End of the Hour: A Therapist’s Memoir by Meghan Riordan Jarvis
What happens when a trauma therapist is traumatized by loss?
Esteemed trauma therapist Meghan Riordan Jarvis knew how to help her patients process grief. For nearly twenty years, Meghan expected that this clinical training would inoculate her against the effects of personal trauma. But when her father died after a year-long battle with cancer, followed by her mother's unexpected passing while on their family vacation, she came undone.
Thrown into a maelstrom of grief, with long-buried childhood tragedy rising to the surface, Meghan knew what she had to do―check herself into the same trauma facility to which she often sent her clients. In treatment, trading the therapist's chair for the patient's couch, Meghan took her first steps toward healing.
A brave story of confronting life's hardest moments with emotional honesty, End of the Hour is for anyone who has experienced the unpredictable, lasting power of grief―and wondered how they'd ever get through it.
My Therapist Says This Grief Journal Is a Good Idea by Andrew Katz
When his father’s suicide turns his life upside down, KJ fills his therapist-recommended grief journal with plenty of sarcasm, excerpts from sweary, punny high-school short stories, and fourth-wall-breaking asides. Through all the bravado and swagger, a portrait emerges of a young man confronting a dark past with genuine compassion and keen insight. He’s determined to reconcile with its legacy–and to survive.
The Goodbye Process
What happens when you are forced to let go of the things you love the most? What are you left with?

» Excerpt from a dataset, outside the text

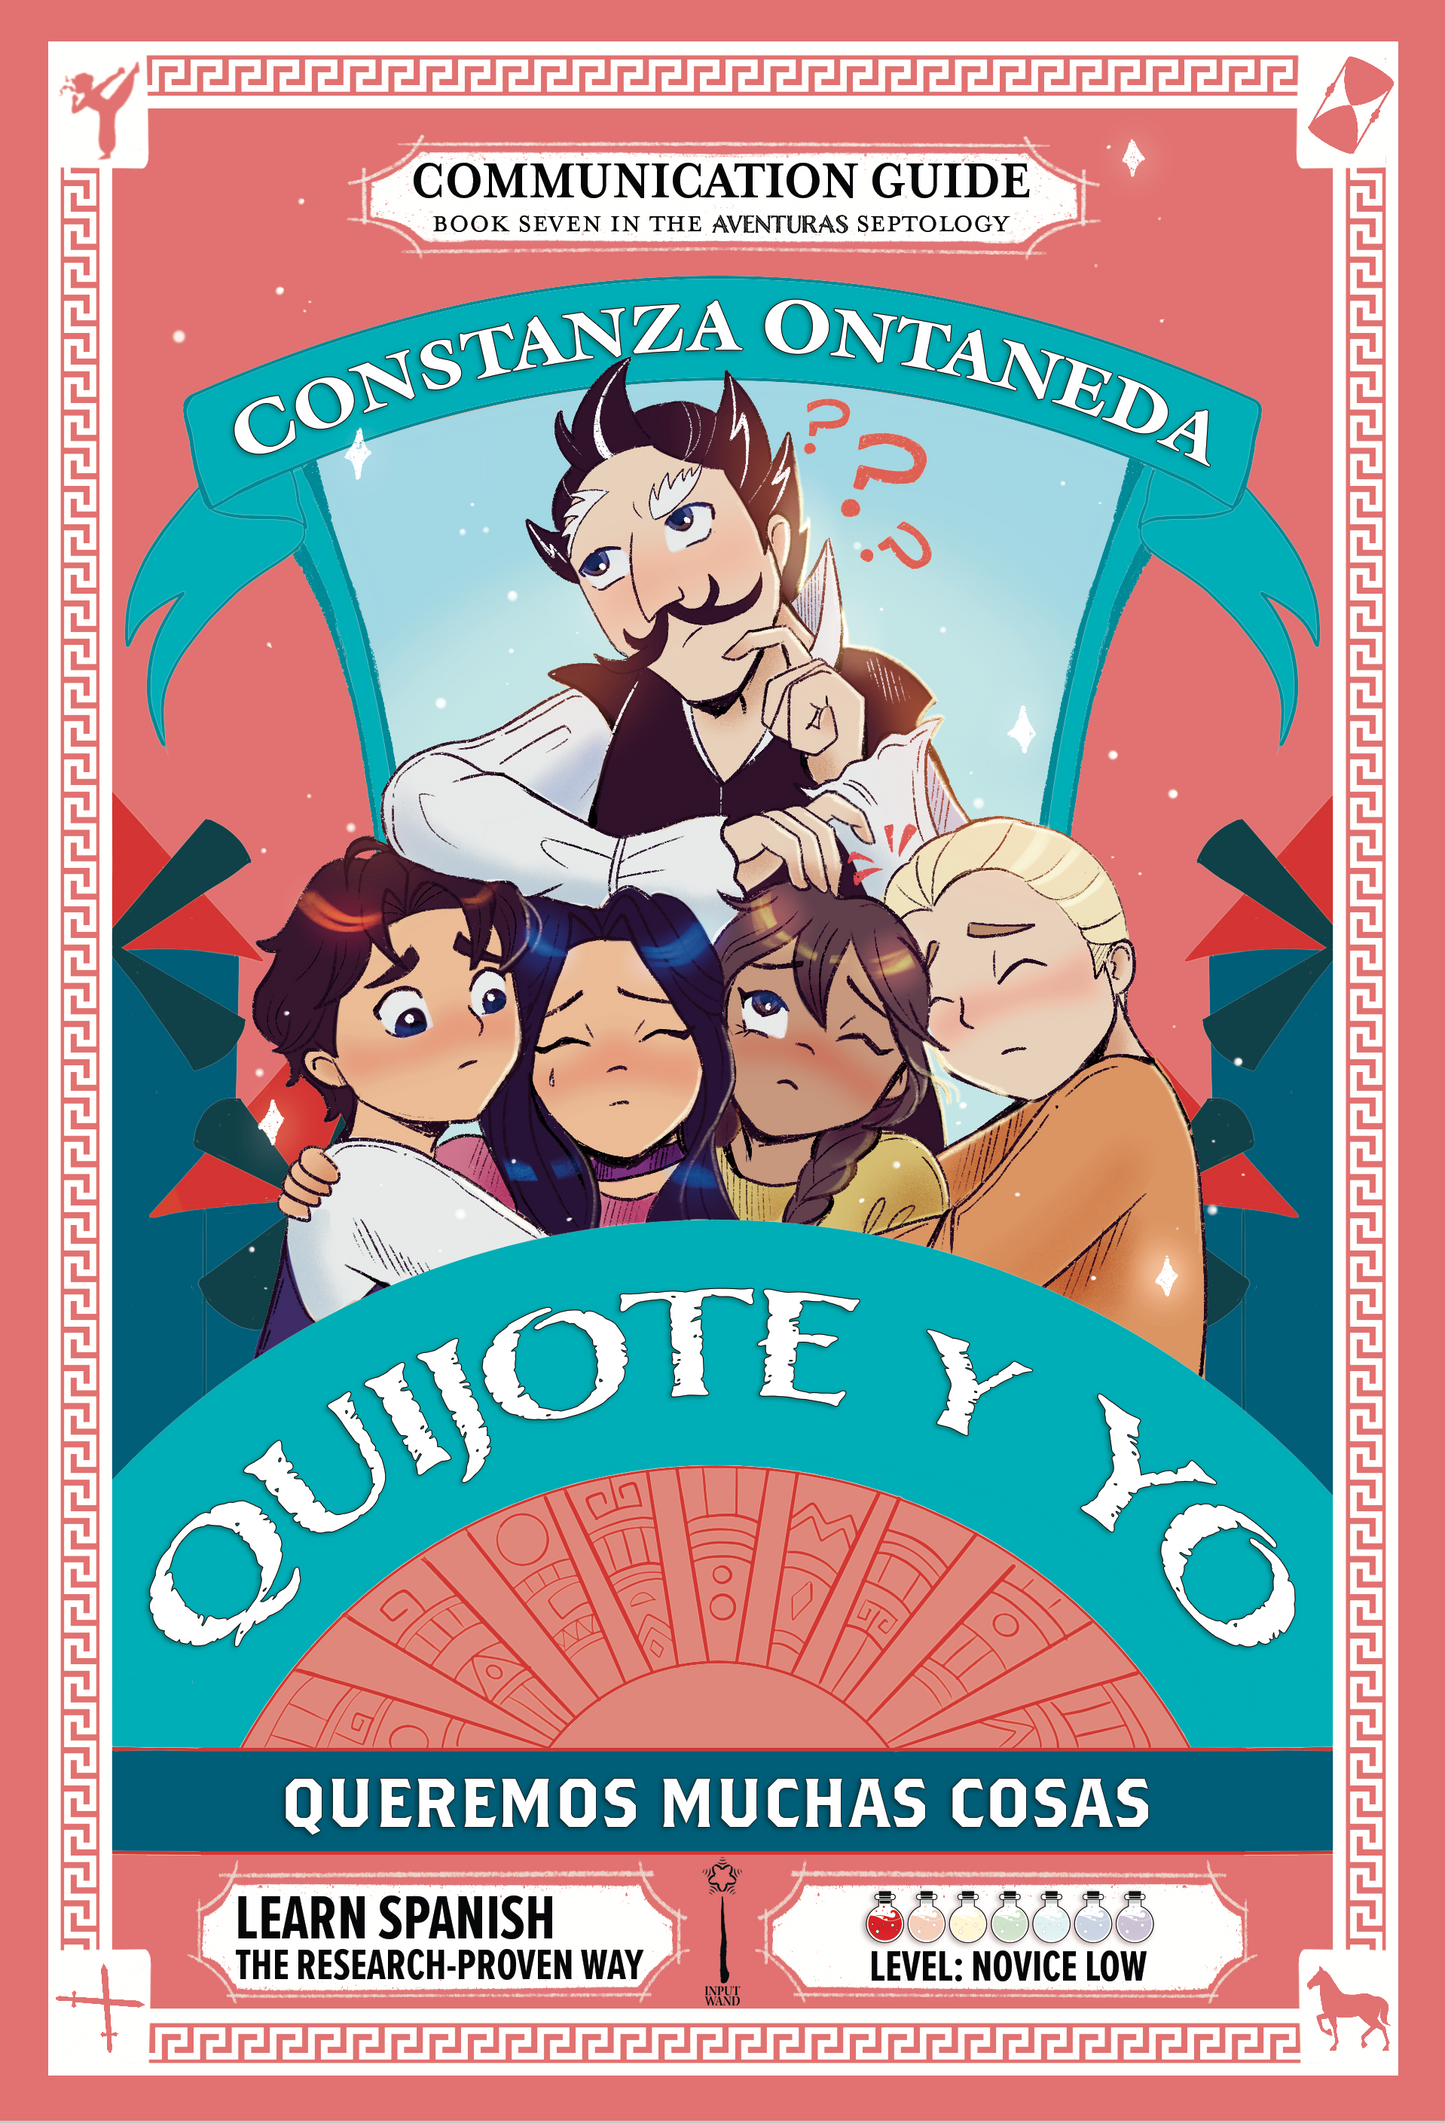 Communication Guide: Quijote y Yo: Queremos Muchas Cosas, Book Seven in the Novice Low "Aventuras" Septology

In her stunning debut short story collection, The Goodbye Process, Mary Jones uses her distinctive voice to examine the painful and sometimes surreal ways we say goodbye.
Whiskey and Ribbons
Set in contemporary Louisville, Leesa Cross-Smith’s mesmerizing first novel surrounding the death of a police officer is a requiem for marriage, friendship and family, from an author Roxane Gay has called “a consummate storyteller.”
Evi—a classically-trained ballerina—was nine months pregnant when her husband Eamon was killed in the line of duty on a steamy morning in July. Now, it is winter, and Eamon's adopted brother Dalton has moved in to help her raise six-month-old Noah.
What Looks Like Bravery
By her mid-thirties Laurel is a ship about to splinter on the rocks, having learned the hard way that no achievement can protect her from pain or remove the guilt and regret her dad’s death leaves her with. So, she determines to explore her troubled internal wilderness by way of some big exterior ones—Northern New Mexico, Western Alaska, her Tinder App. Joy in the wake of loss, she learns, isn’t possible despite the hardest things that happen to us, but because of the meaning we forge from them.
This Time Tomorrow
What if you could take a vacation to your past? On the eve of her fortieth birthday, Alice’s life isn’t terrible. But her father is ailing, and it feels to her as if something is missing. Now armed with a new perspective on her own life and his, some past events take on new meaning. Is there anything that she would change if she could?